Matsushita declined to identify the manufacturer of the batteries, which are used in its Let’s Note PCs sold in Japan, but said they were not made by Sony. It said the problem was not with the batteries themselves but with a peripheral component.

In the PCs that are affected, the latch used to connect the batteries to the PC is not strong enough, meaning that if the PC is dropped several times, a metal spring could find its way into the battery cell and cause overheating.

Recently, Dell and Apple have both recalled lithium ion batteries used in their notebook PCs made by Sony, in a move that is expected to cost the Japanese group Y20bn-Y30bn ($172m-$258m). Matsushita is already under a cloud after it was forced to recall more than 152,000 kerosene fan heaters made in the 1980s, which could cause carbon monoxide poisoning.

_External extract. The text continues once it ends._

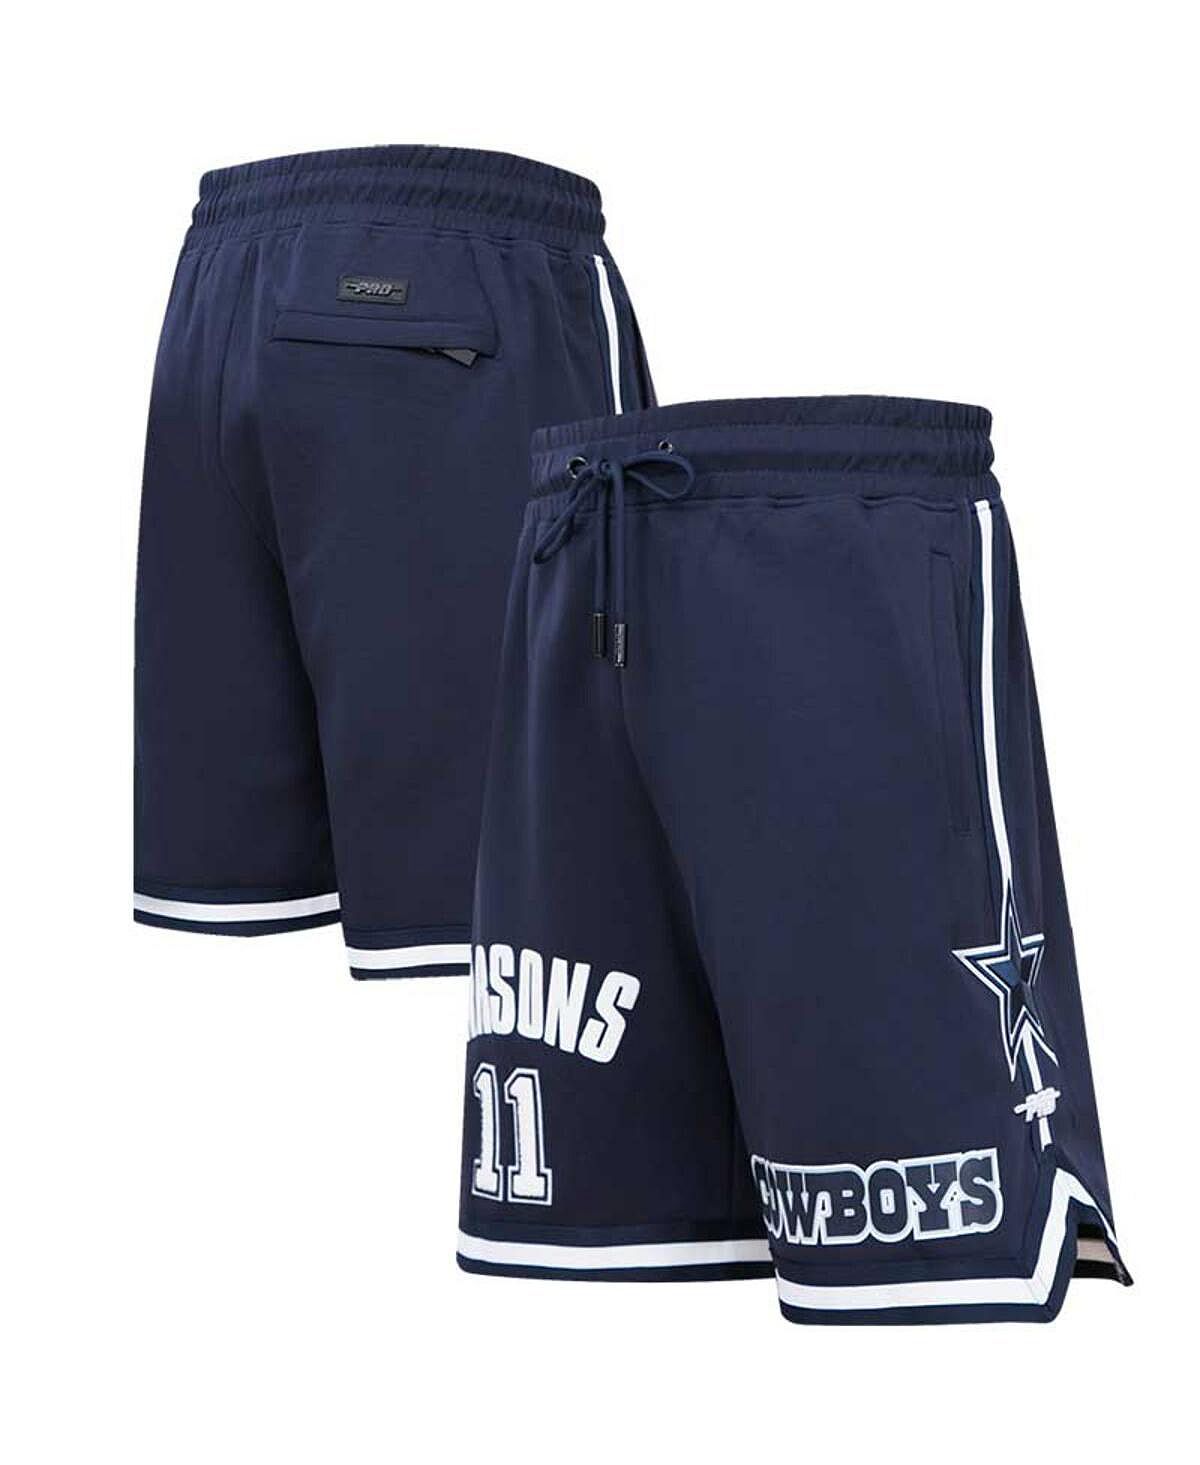 Мужские шорты темно-синего цвета с именем и номером игрока Micah Parsons Dallas Cowboys Pro Standard
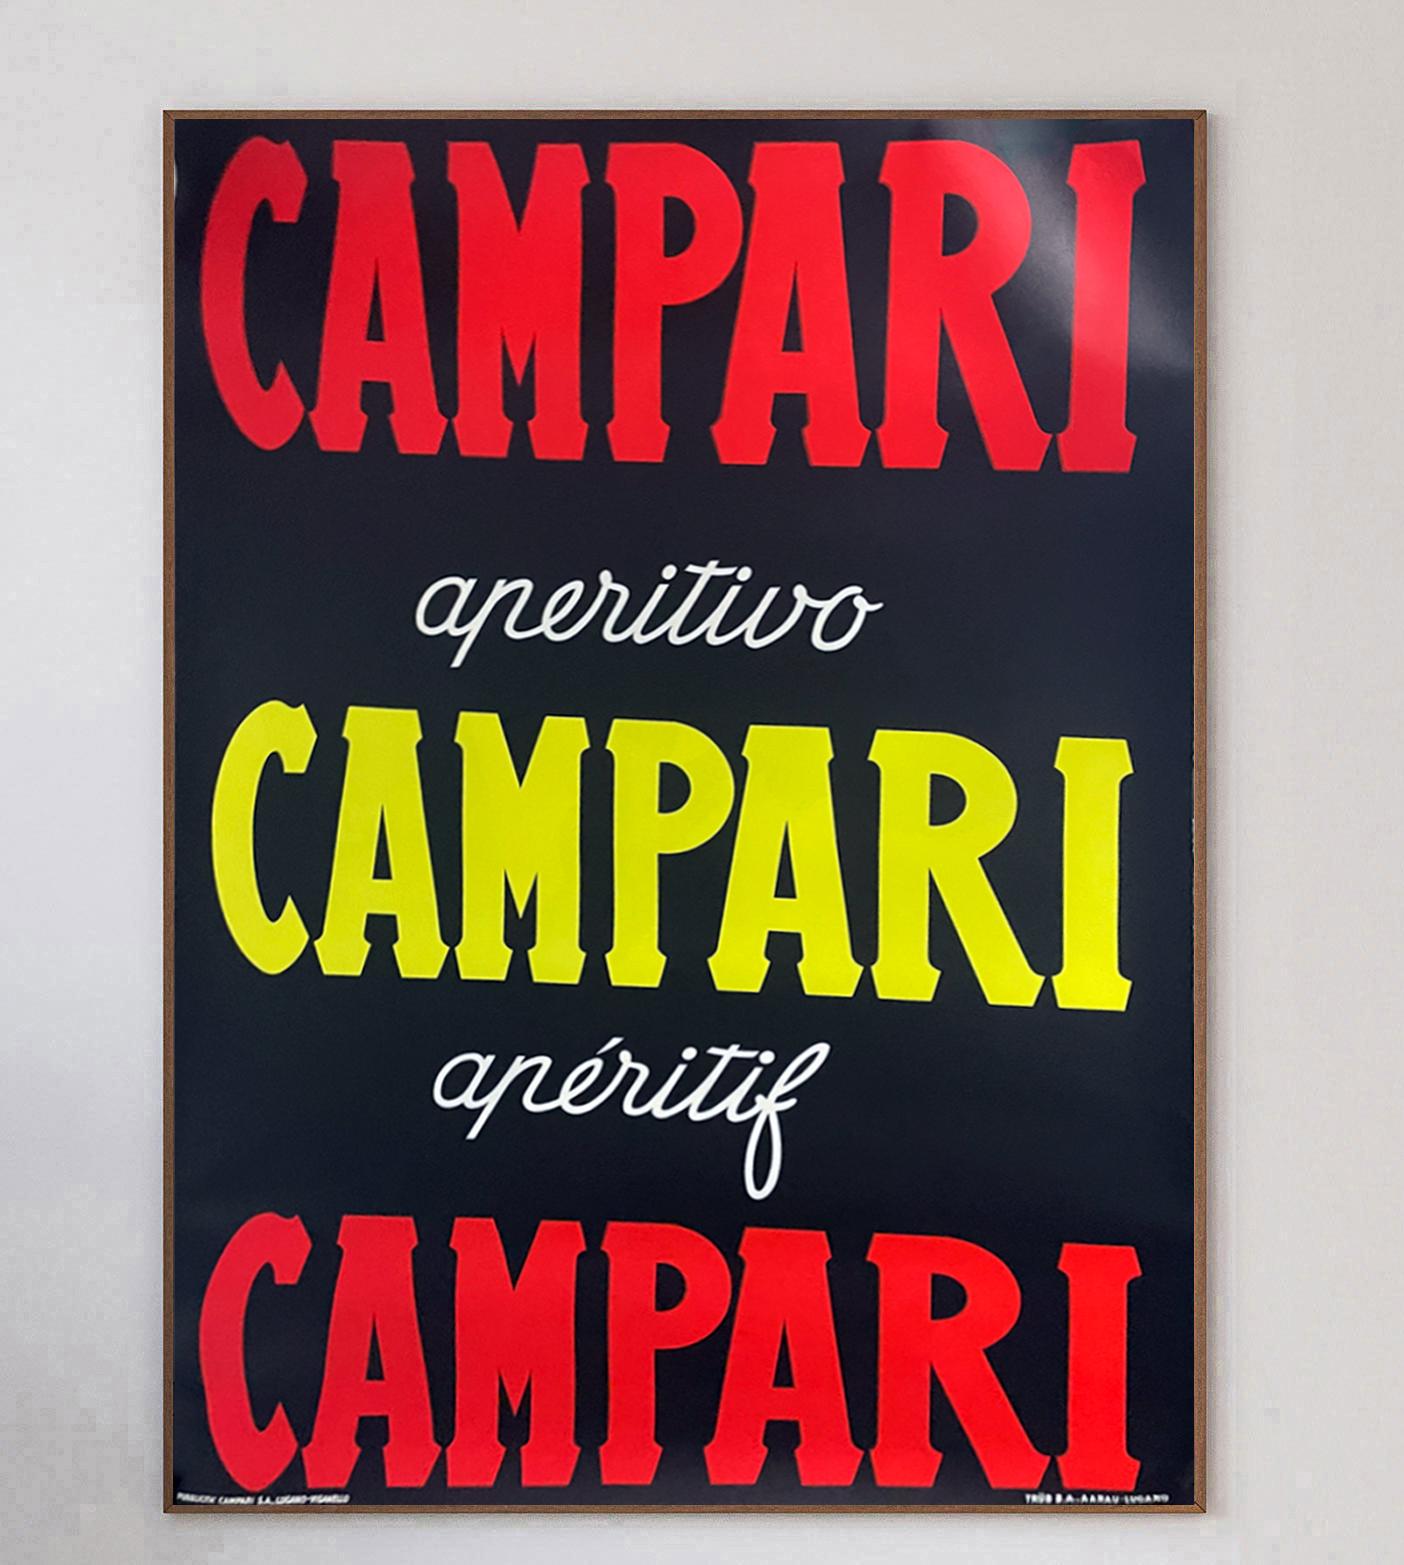 Die ikonische italienische Likörmarke Campari hat im 20. Jahrhundert mit vielen Künstlern zusammengearbeitet und dabei wunderbare und zeitlose Kunstwerke geschaffen. Campari wurde 1860 von Gaspare Campari gegründet, und der Aperitif ist heute so

Two people have died from poisoning and five people have been hospitalised.

Matsushita’s recall came after the Ministry of Economy, Trade and Industry, asked manufacturers to confirm that their products met quality standards, following Sony’s battery problems. So far, there have been two cases in which the Matsushita batteries in question over-heated and became warped after PCs were dropped.

The PCs, which were manufactured in Japan between April and June last year, represent just a fraction of the 700,000 notebook PCs that Matsushita makes globally. The problem is unlikely to have a serious impact on its profits.

Matsushita manufactures another series of notebook PCs, which is sold overseas and which can be dropped from a height of 70cm without a problem. The Let’s Note series is designed to withstand being dropped from only a height of under 30cm.